#### Description of the task
Restate the full listing word for word; images stay out of it.

#### Supplied data
# # #

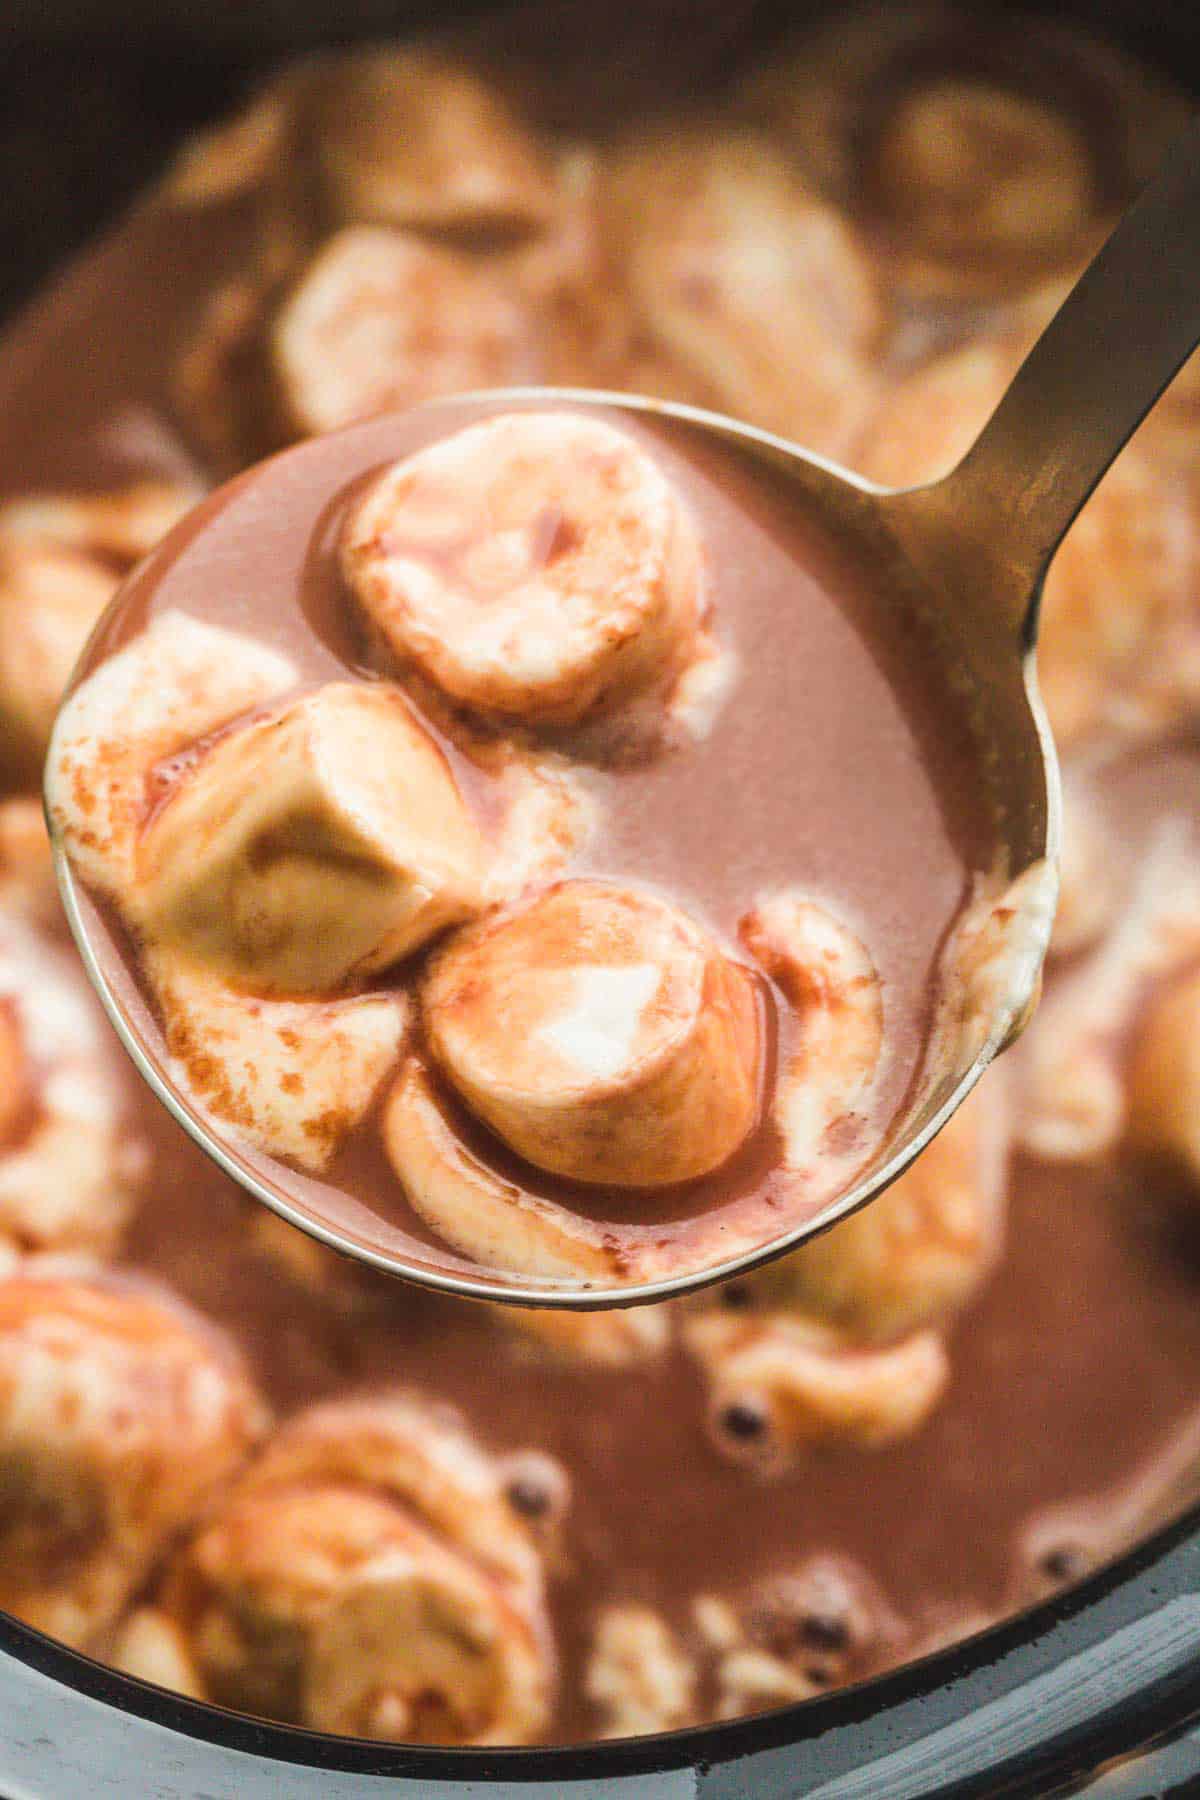 A stainless steel ladle with hot chocolate and melted marshmallows
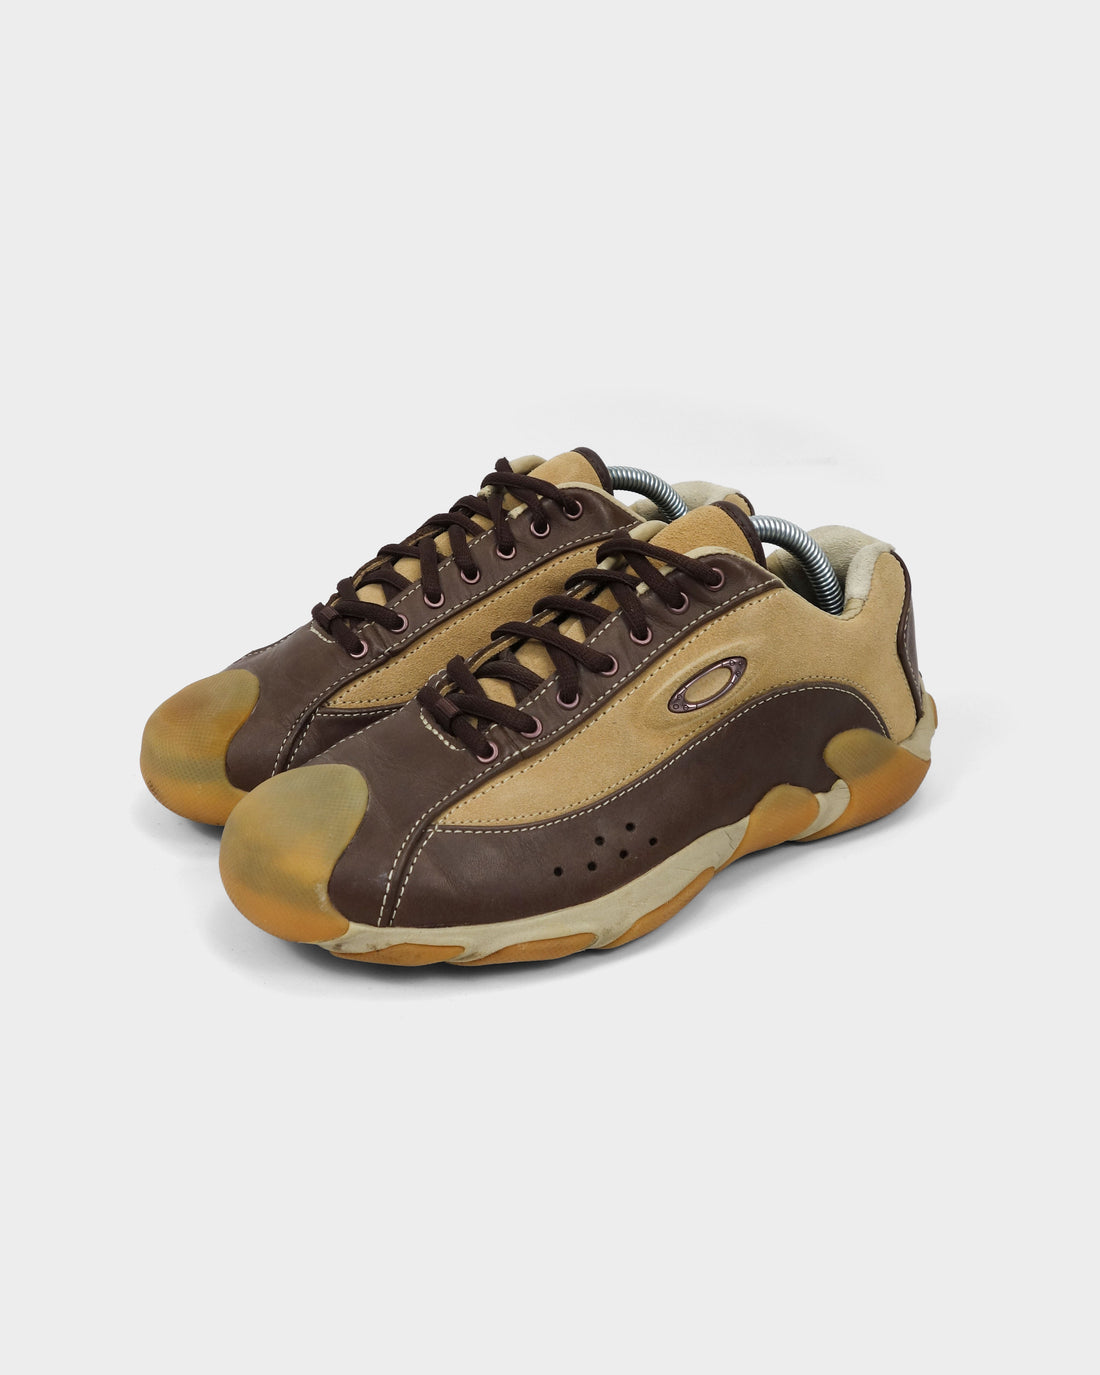 Oakley Twitch Brown Suede Sneakers 2000's
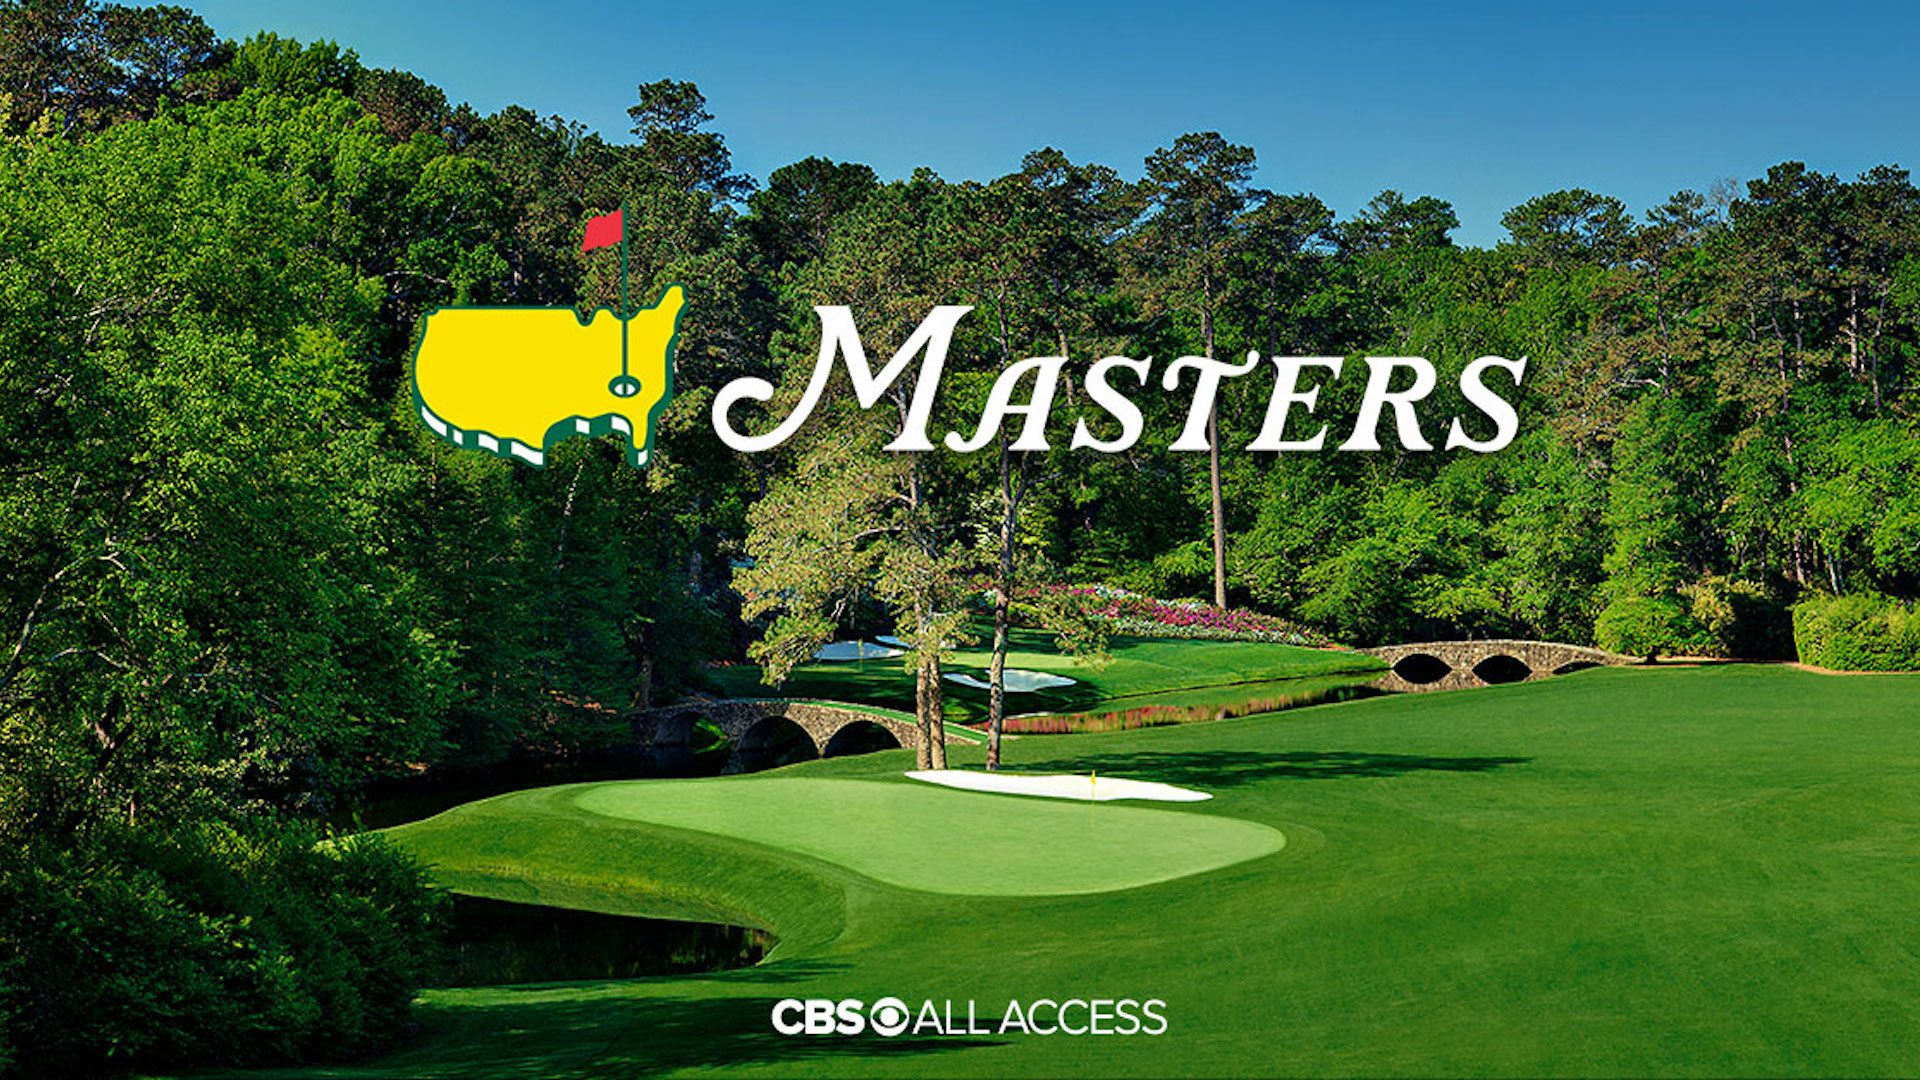 How could Augusta National make the Masters even better?

# # #

#### Exercise output
 A stainless steel ladle with hot chocolate and melted marshmallows
 Oakley Twitch Brown Suede Sneakers 2000's
 How could Augusta National make the Masters even better?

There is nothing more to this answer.